More. You are the voice of midnight, that is a heart -- if I ever heard one -- speaking. The face and body of a ripe woman, that's never been -- that which is bread and water to all women since time out of mind -- vain.

Tick, tick!

Dirt? Dirt where there should be pavement? And this queer silence. A tomb vault is less inert. There, at least, one would hear the rasp of a centipede, or the scratch of a beetle. The hub of a city should gallop with noise!

Tick, tick!

Daphne, your starless universe begins to undo this man's wit. Am I being cursed for my manner of boldness? To end all of it should be simple. Ah, but you have suffered through it since birth, and I to give up in a bit more than half a day's progress?

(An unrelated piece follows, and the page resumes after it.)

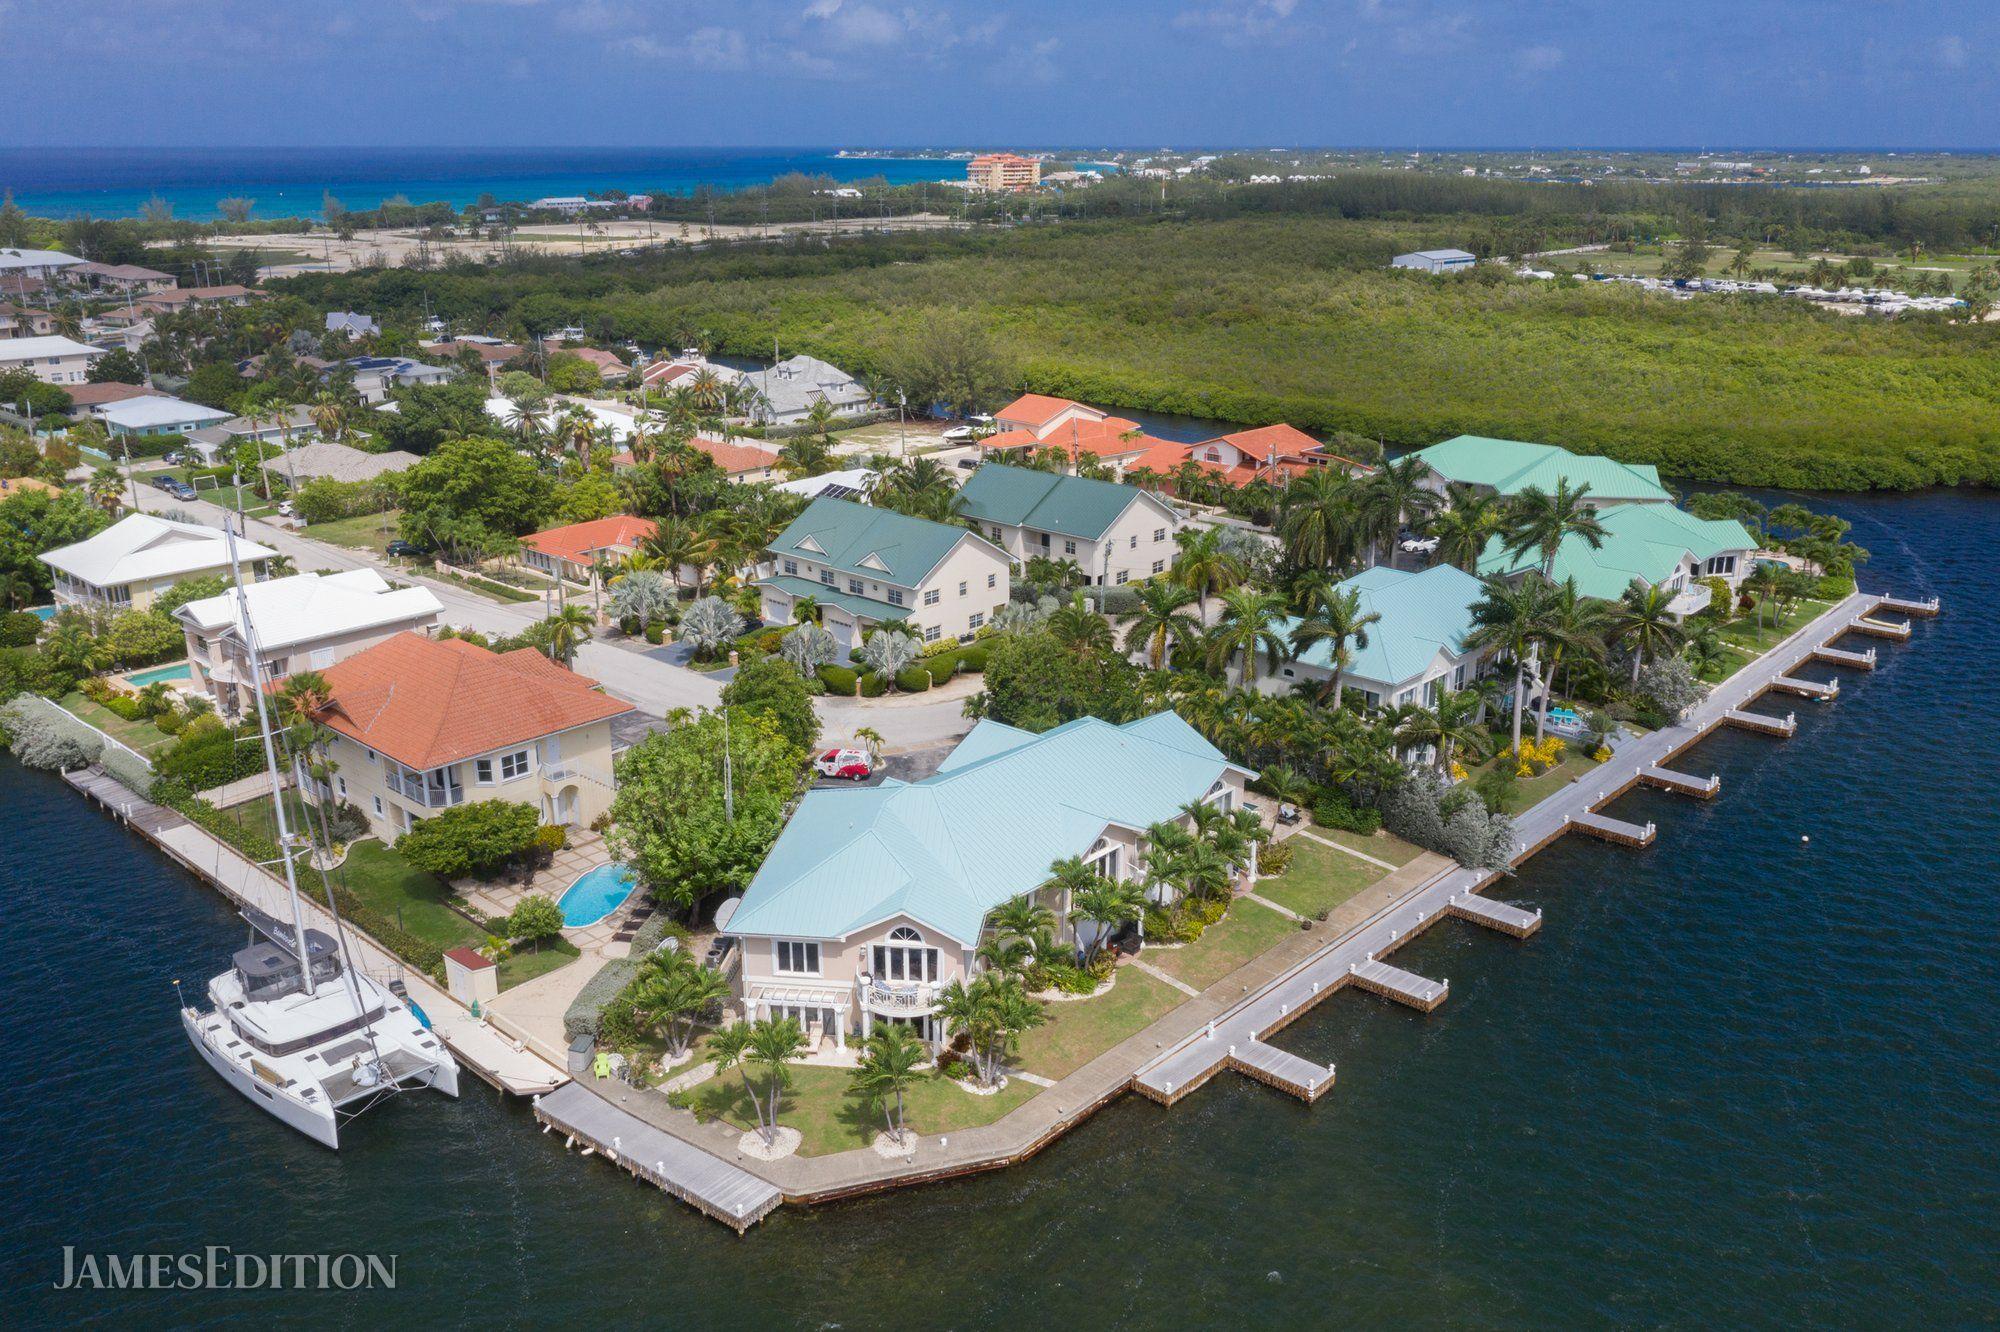 Condo in West Bay, Cayman Islands 1

I...I cannot. What may lie beyond these two covers of my eyes ties my arms to my sides. At least, what abides behind them is what I make it to be. I can forge a hundred explanations with my brain for the event taking place right now. Each one a grown man's reasonable explication. A dream even. But if I were to strip the pads off, the hundred conjectures would collapse into one certitude. I will be shorn of the freedoms you possess, Daphne. Be poor, almost naked, with just a single one.

Tick, tick!

----------

Plotch, plotch!

What have we here? A puddle? A lake? The Bering Straits?

"He-e-ey!"

A voice amid the--! "Ye-e-es!"

"You are a tourist?"

"A tourist, my good man?"

"You are crazy -- oh, I am sorry. Wait there. I will help you."

"Who might you be, sir?"

"Senior Inspector Engineer, Manos Gotsis. Ehh! I have told them that these new metro shafts will become a trap, if not guarded twenty-four-hours. They do not listen."

"Shafts, Senior Inspector Gotsis?"

"I am almost there. Phew! Give me your hand."

"I don't understand--"

"You are, sir, thirty meters under Omonia Square."

"Beg your pardon?"

"On your left are two thousand volt cables. On the right scaffolding around a well ten meters deep."

"How?..."

"In front of you, the city's main sewage network -- another four or five meters of a river of wastes -- that empties a kilometer off the coast of Piraias into the treatment plant."

"How?..."

"And you have a guardian angel."

"Daphne!"

"Gotsis, sir. Manos Gotsis."

"Oh, course, Mr. Gotsis. Merely referring to a colleague that's also a guardian angel of a sorts...children are her specialty..."

"Watch your head."

"...and buffoons that think they know what seeing is all about...and try to change the world by proposing that each and every one of us should experience at least once that night of nights..."

"Ah, it must be sad not seeing."

"Sadder things, Mr. Gotsis -- seeing, yet blundering around blinder than a odd bat."

----------

I'm not much of a teacher, particularly on Mondays.

And I take to the ends of the Earth every so often because children are in a way invariant: under a fixed shadow of growing pains. Autumn in Athens, winter in Catania, spring and summer in Siberia -- they're all the same. Day to them comes always after night. A night that is simply vast and petrifyingly menacing to a tot alone in a room evil-thick with darkness.

But enough of darktime (plenty of it, too, in their checkerboard teens). "Who in God's name would want the babes all to be righteous Ralphs? How many do you know of who would want love hatching from an unforgettable day that starts off with darkfall!"

"Just one won't be an agreeable number then?"

This time, and I don't know why, I alarmingly poise at his soft-spoken so-silly query.

"Just one?"

Could I, I would venture for this man into raw seeing light, a whole existence of days -- dawn to dusk -- were he to behold for one eye blink the woman in me in love.